Semi-critical equipment: Contacts mucous membranes; should be free of most microbes.
Noncritical equipment: Contacts intact skin; requires less stringent disinfection.
Tiers of Germicides
Low-level: Destroy some bacteria, fungi, and viruses; not endospores.
Intermediate-level: Destroy all bacteria (including M. tuberculosis), fungi, and viruses; not endospores.

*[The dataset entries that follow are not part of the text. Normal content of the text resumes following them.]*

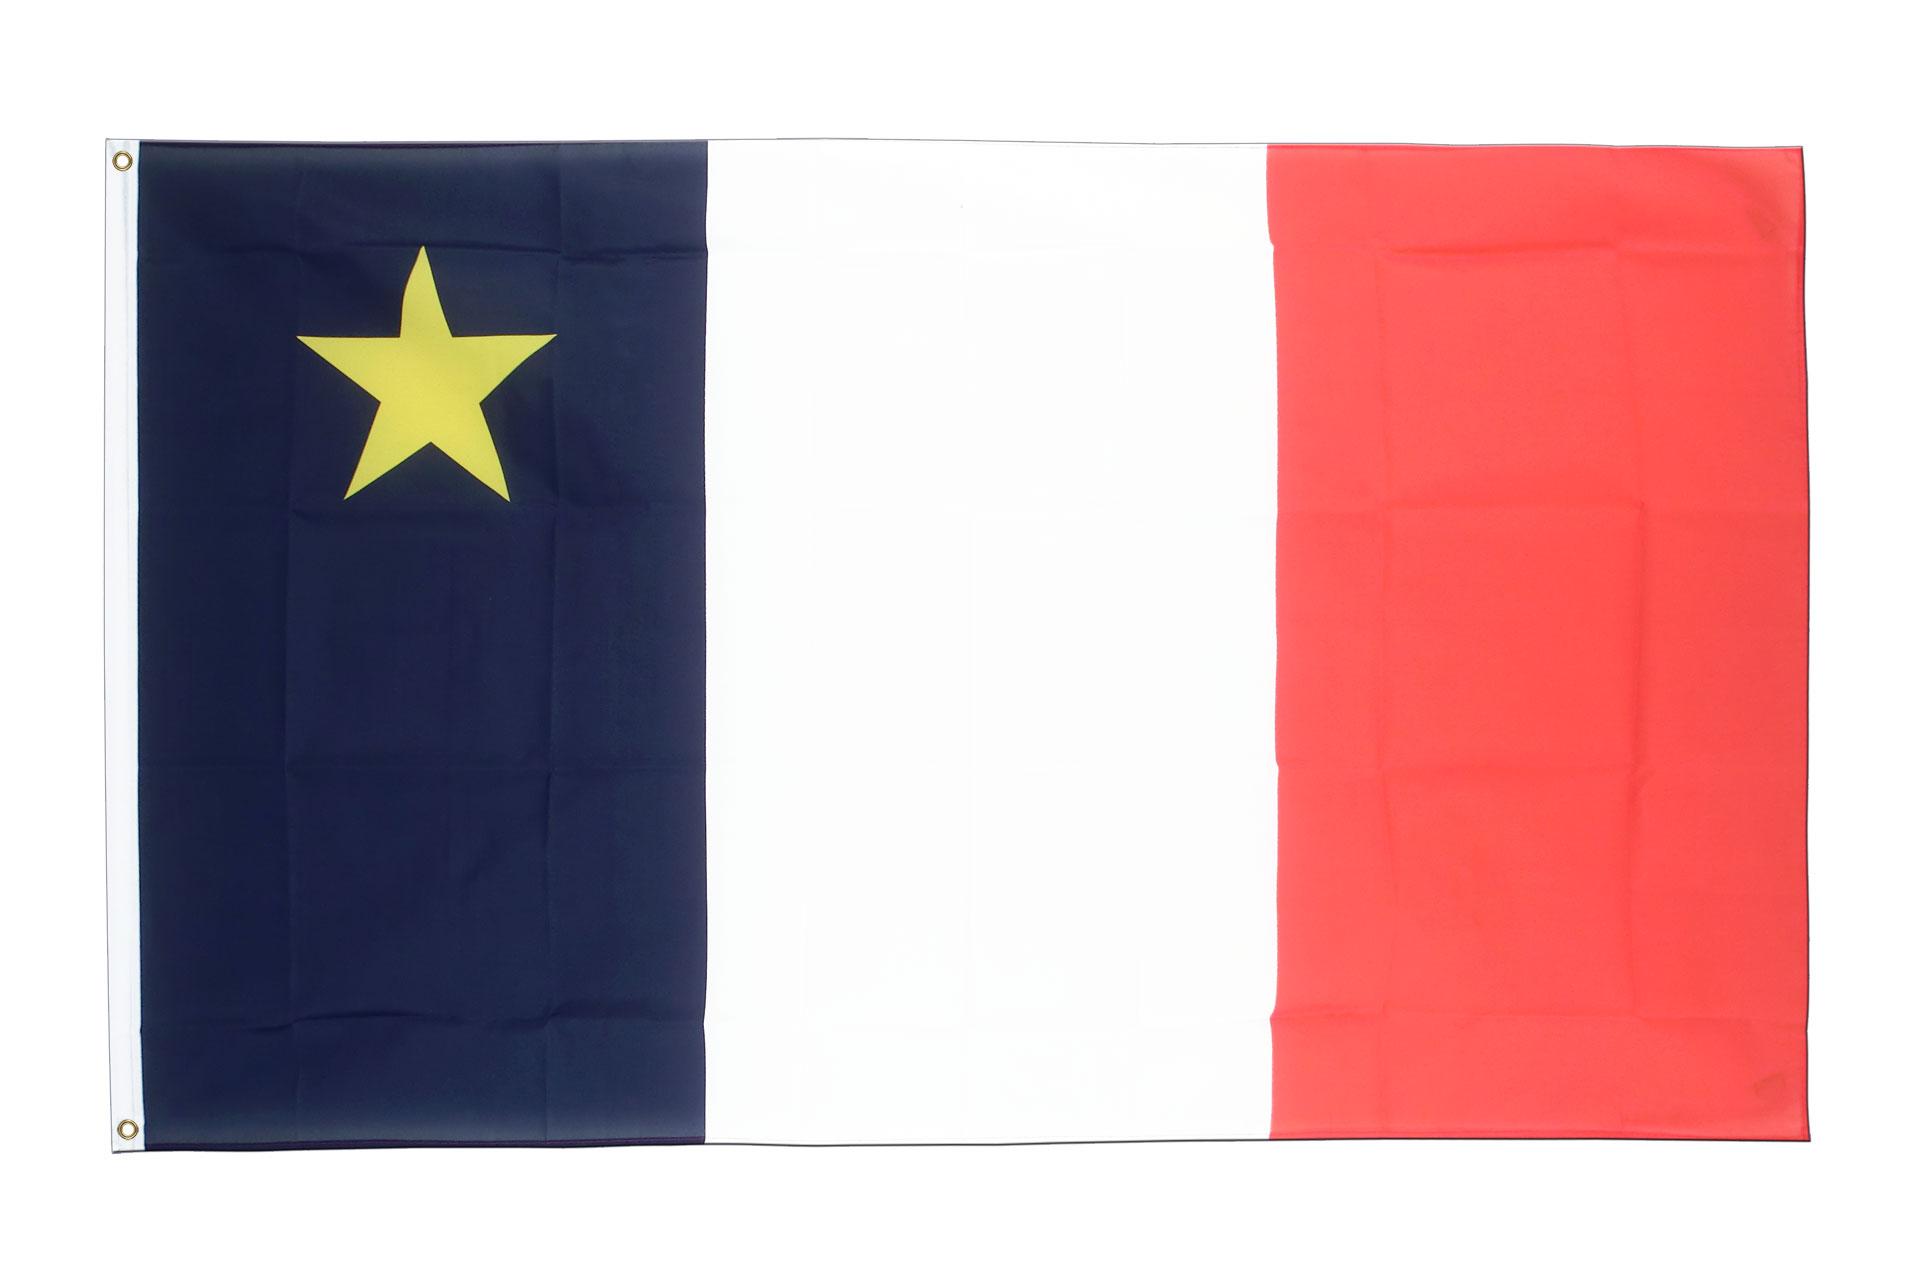 Buy Acadia Flag - 3x5 ft (90x150 cm) - Royal-Flags: https://www.royal-flags.co.uk/acadia-flag-1820.html
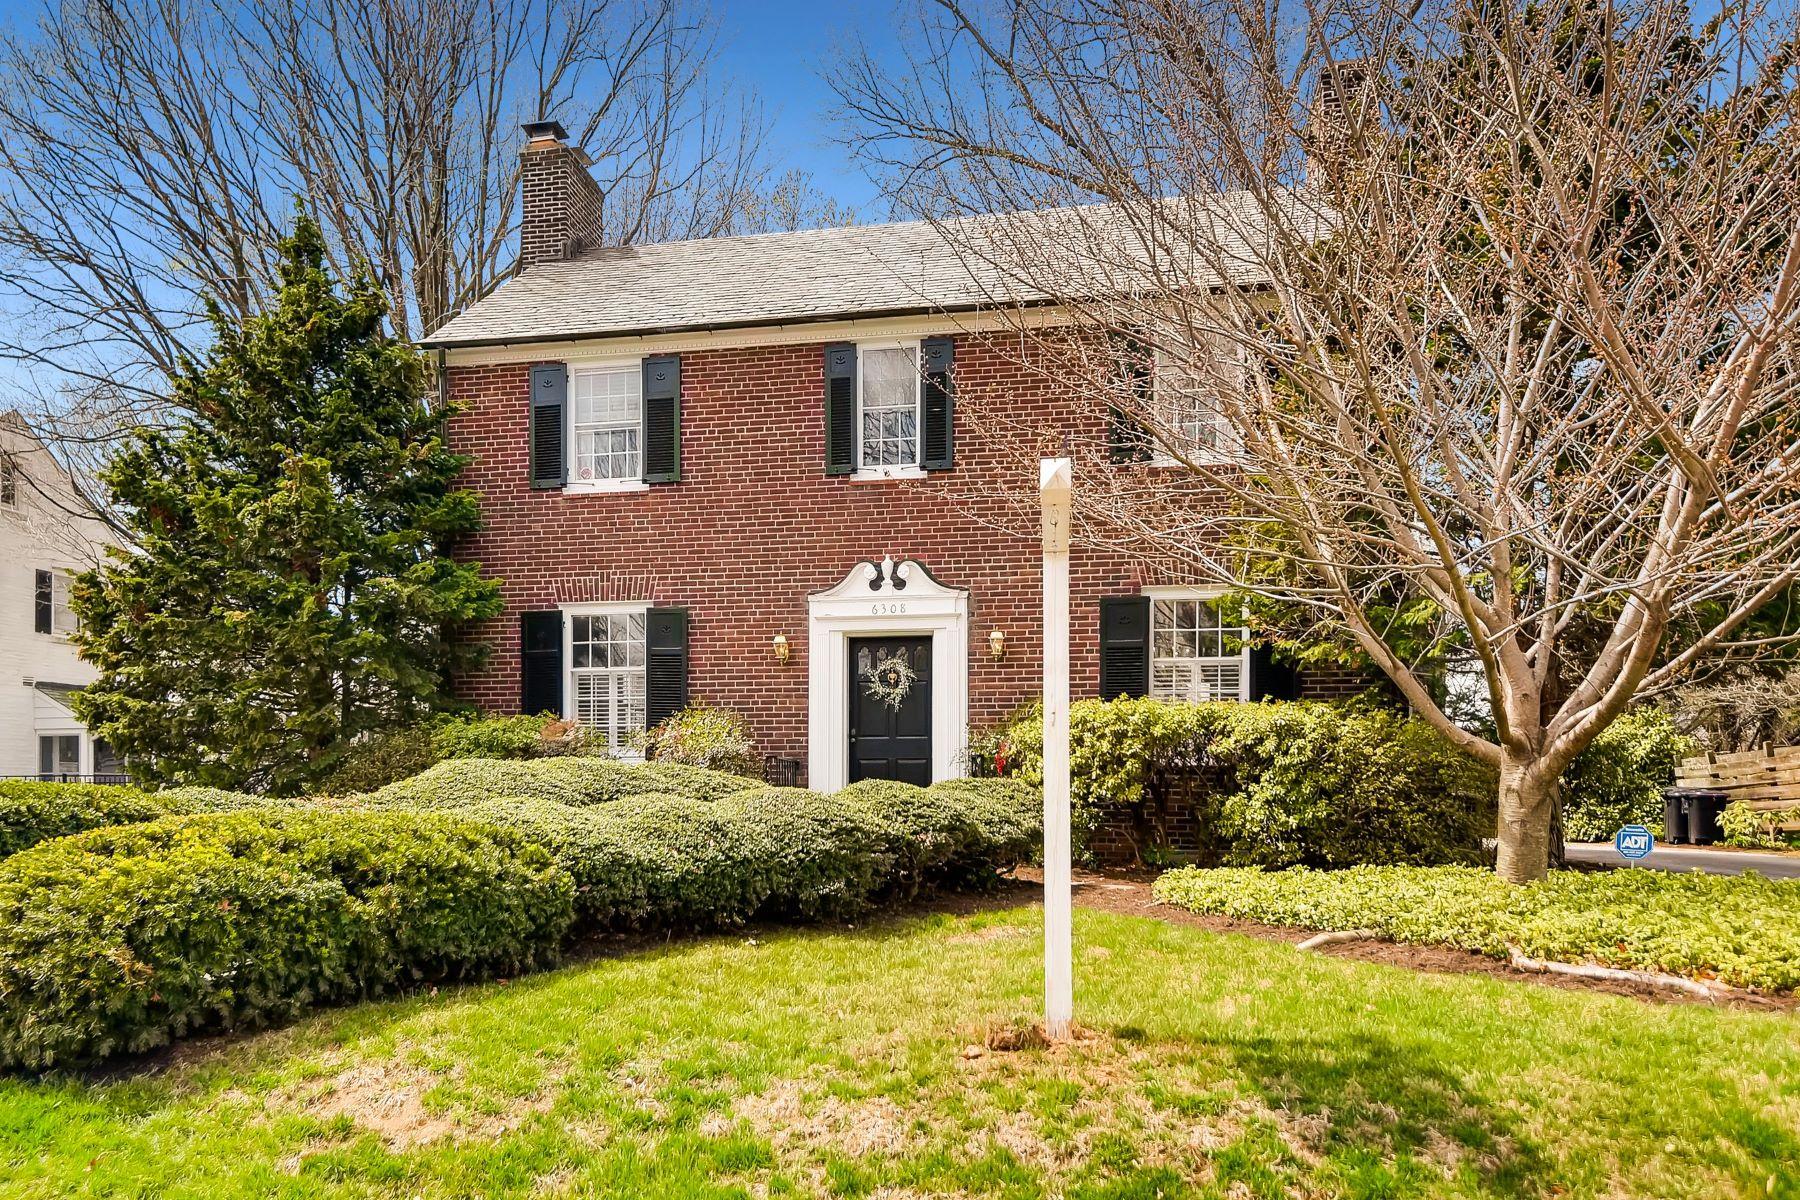 Property for Sale at Pinehurst 6308 Bellona Avenue Baltimore, Maryland 21212 United States
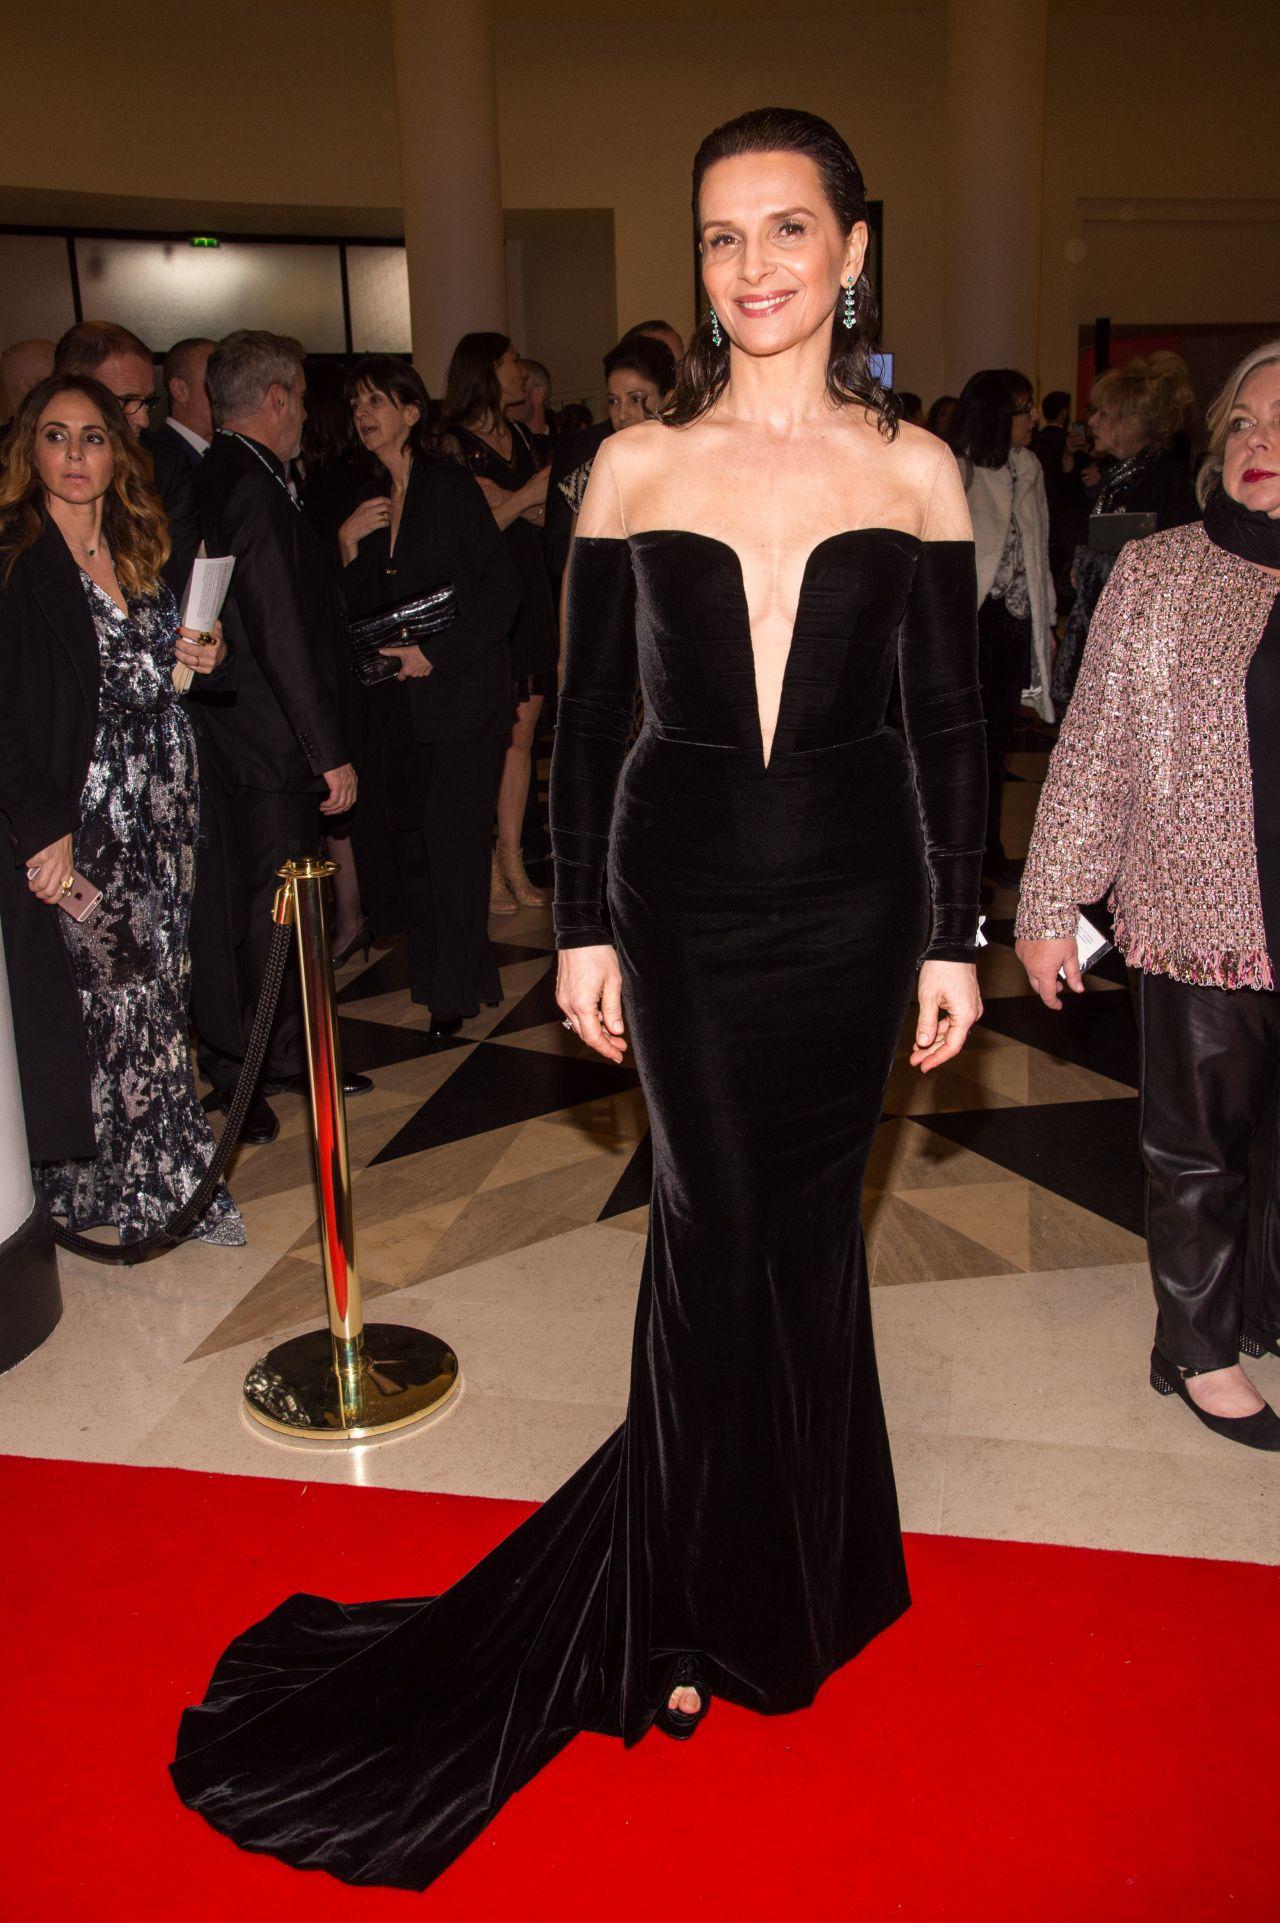 http://celebmafia.com/wp-content/uploads/2018/03/juliette-binoche-cesar-film-awards-2018-in-paris-6.jpg
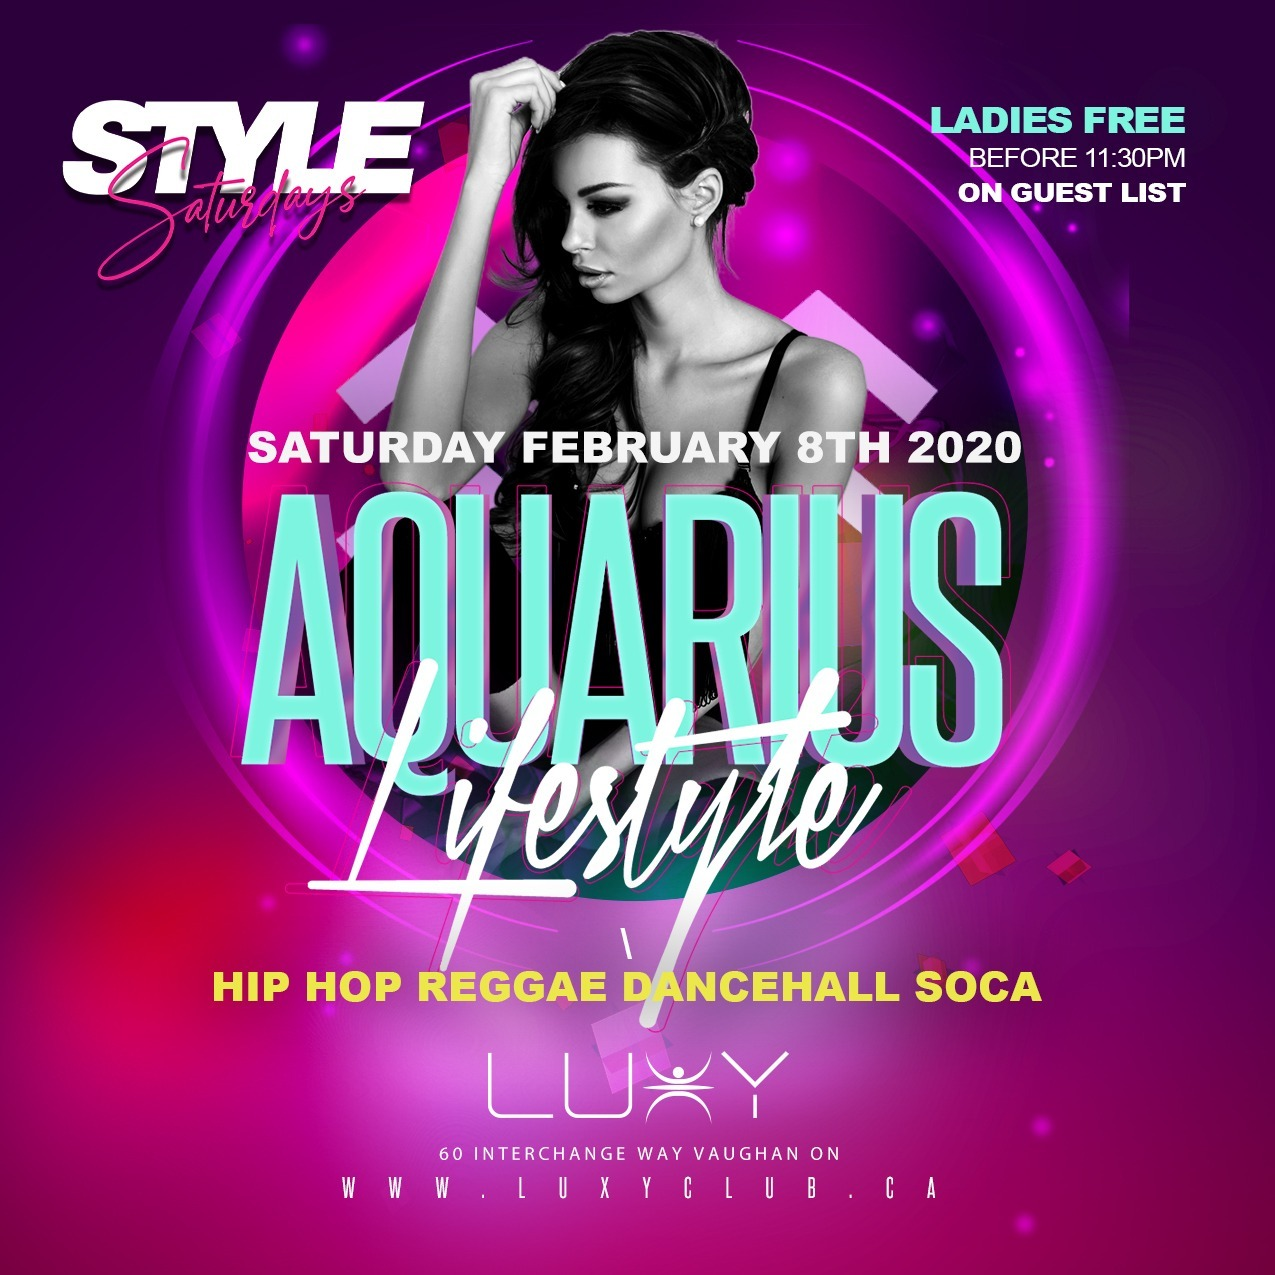 Style Saturdays @ Luxy - Aquarius Lifestyle

High-level: Destroy all microbes and endospores.
Examples of Germicides
Type | Target | Pros | Cons |
|---|---|---|---|
Alcohols | Proteins, membranes | Cheap, fast, used as disinfectant and antiseptic | Flammable, can irritate skin |
Phenols | Proteins, membranes | Effective in organic matter, used in soaps | Leaves residue, toxic at high concentrations |
Aldehydes | Proteins, nucleic acids | Achieves sterility at correct concentrations | Toxic, irritant, leaves residue |
Halogens | Proteins, nucleic acids | Cheap, effective, used in water treatment | Inactivated by organic matter, corrosive |
Peroxygens | Proteins, nucleic acids | Effective at high concentrations, no residue | Inactivated by organic matter |
Ethylene oxide | Proteins, nucleic acids | Sterilizes temperature-sensitive items | Flammable, toxic, expensive, time-consuming |
Selection of Germicides
Consider use, reactivity, concentration, treatment time, type of microbe, presence of organic matter, residue impact, and toxicity.
Special Considerations for Different Microbes
Mycobacterium: Waxy cell walls; require strong disinfectants and airborne control measures.
Endospores: Highly resistant; best eliminated by autoclaving or sporicidal chemicals.
Viruses: Enveloped viruses are sensitive to heat and detergents; naked viruses require chlorine-based agents.
Protozoa: Some life stages are resistant; require filtration, UV, or ozone treatments.
Prions: Infectious proteins; require combined chemical and high-pressure autoclaving for elimination.